** Goal of the exercise **
Extract the full listing verbatim and drop any pictures from your copy.

** Dataset section **
====================

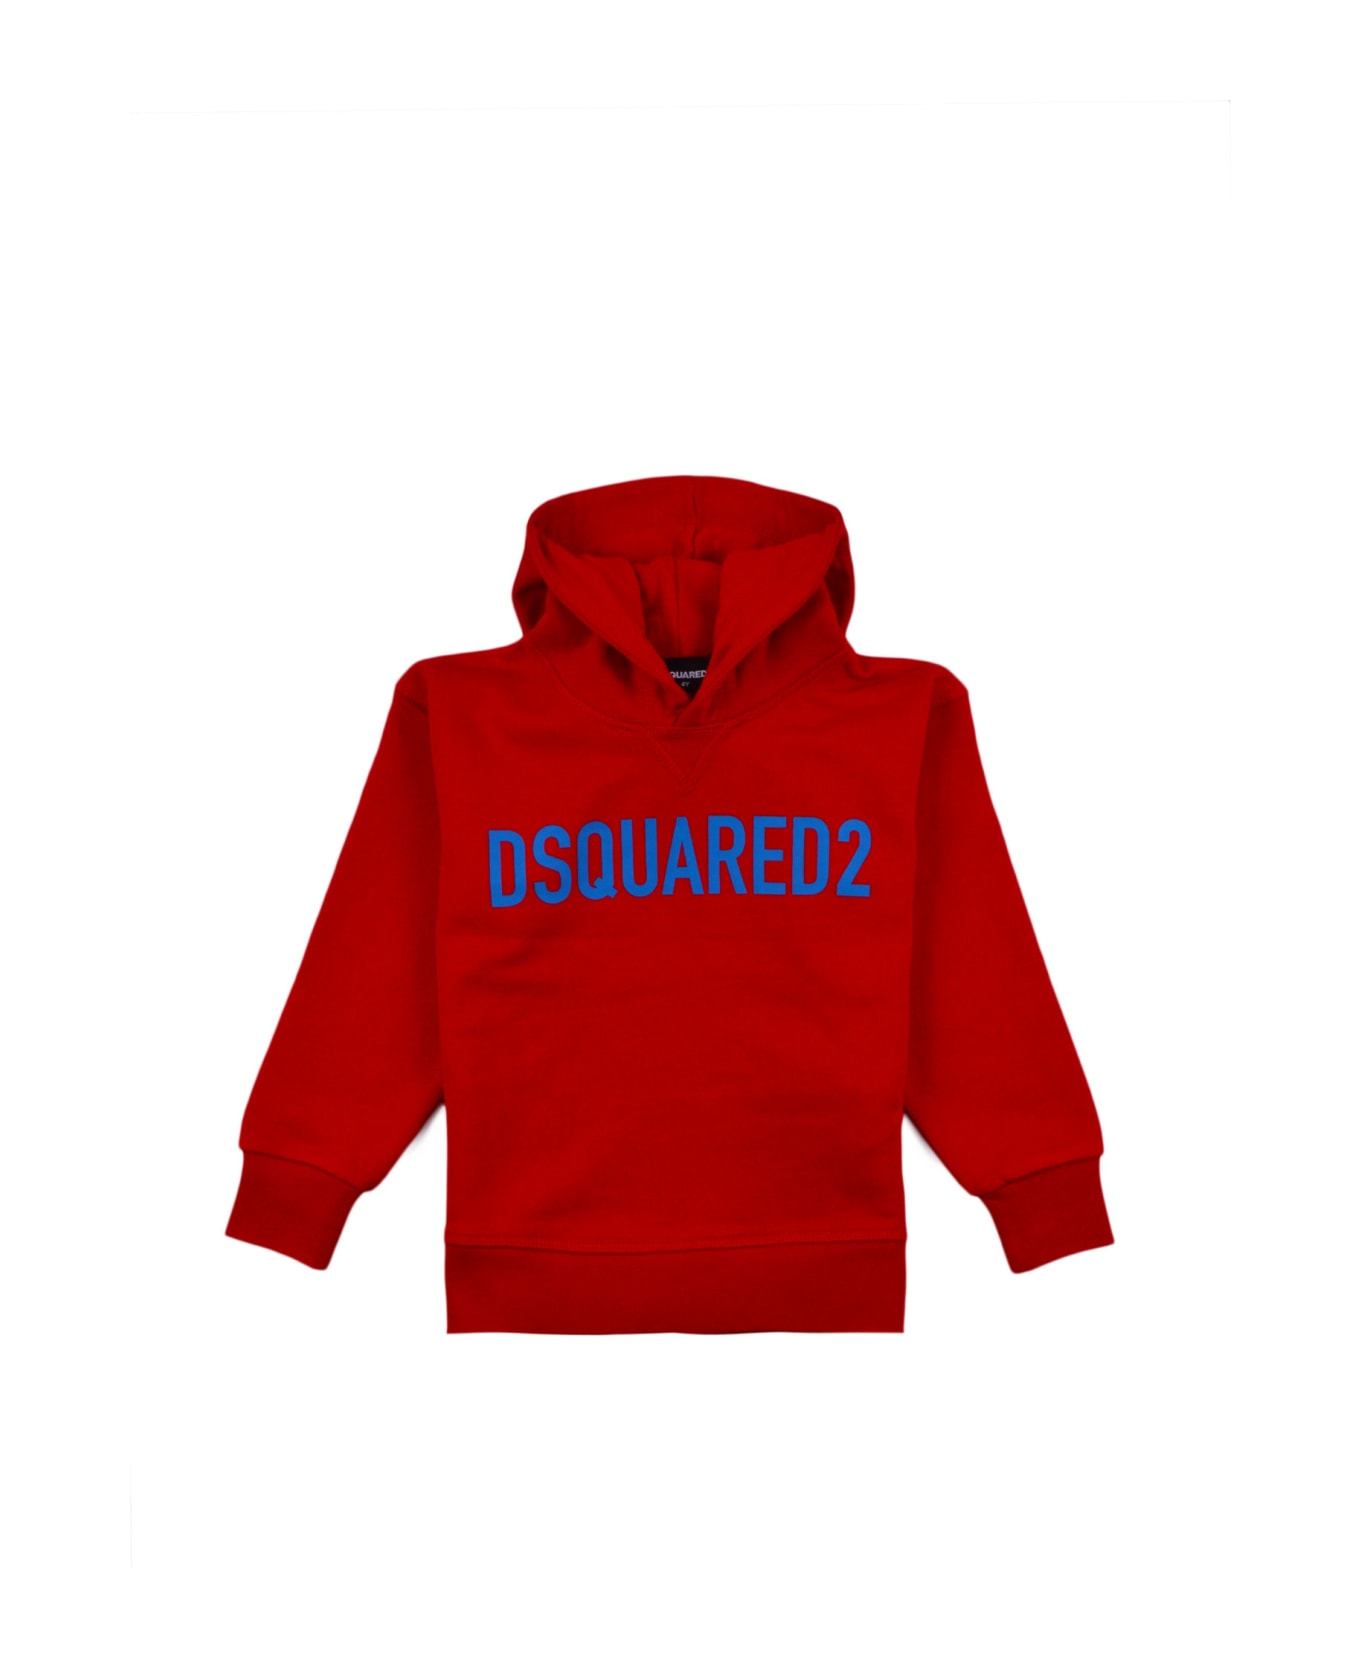 Dsquared2 Cotton Sweatshirt With Hood - Red
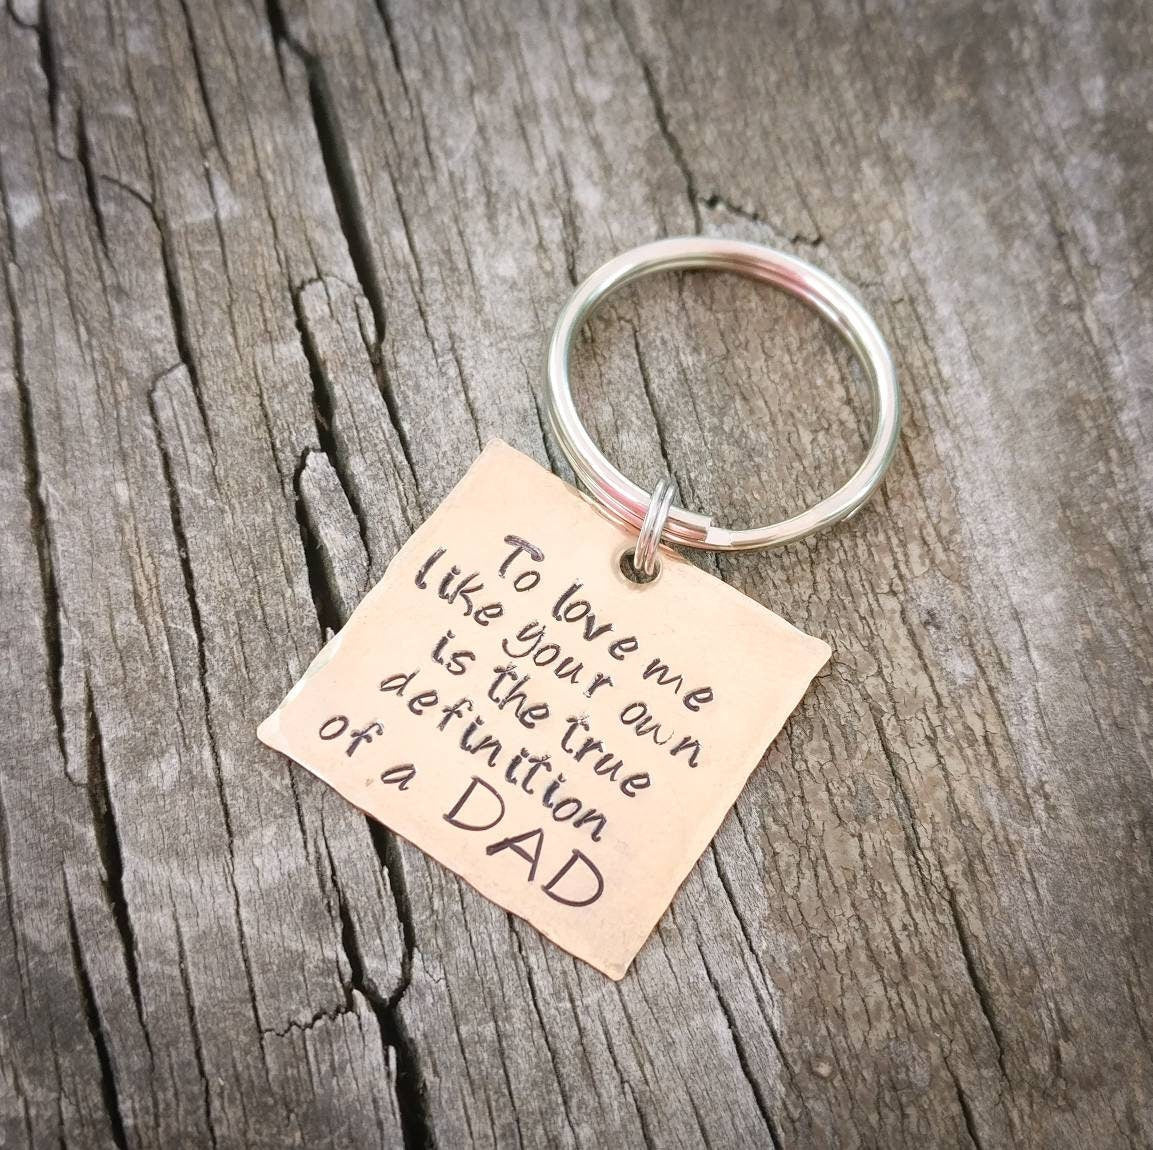 Father's Day Keychain for Step Dad, Father's Day Gift For Stepdad, Father's Day gift for Stepdad, Keychain for Stepdad
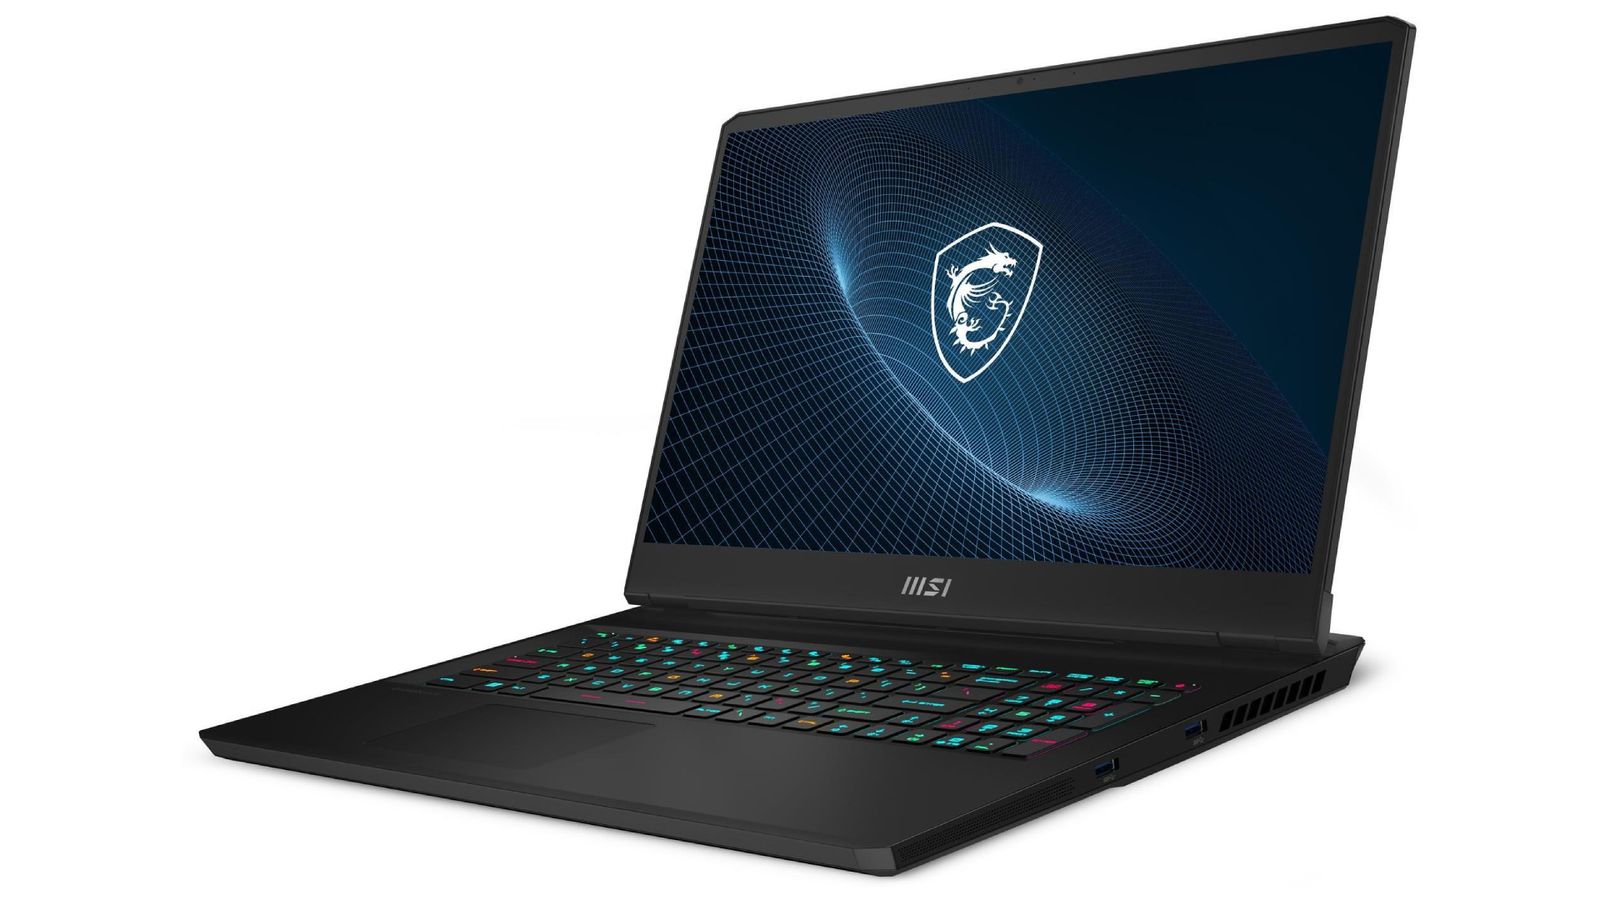 Best Diablo 4 gaming laptop - MSI Vector GP76 product image of a black laptop with multicoloured backlit keys and blue MSI branding on the display.

====================

** Written answer **
 Dsquared2 Cotton Sweatshirt With Hood - Red
 Father's Day Keychain for Step Dad, Father's Day Gift For Stepdad, Father's Day gift for Stepdad, Keychain for Stepdad
 Best Diablo 4 gaming laptop - MSI Vector GP76 product image of a black laptop with multicoloured backlit keys and blue MSI branding on the display.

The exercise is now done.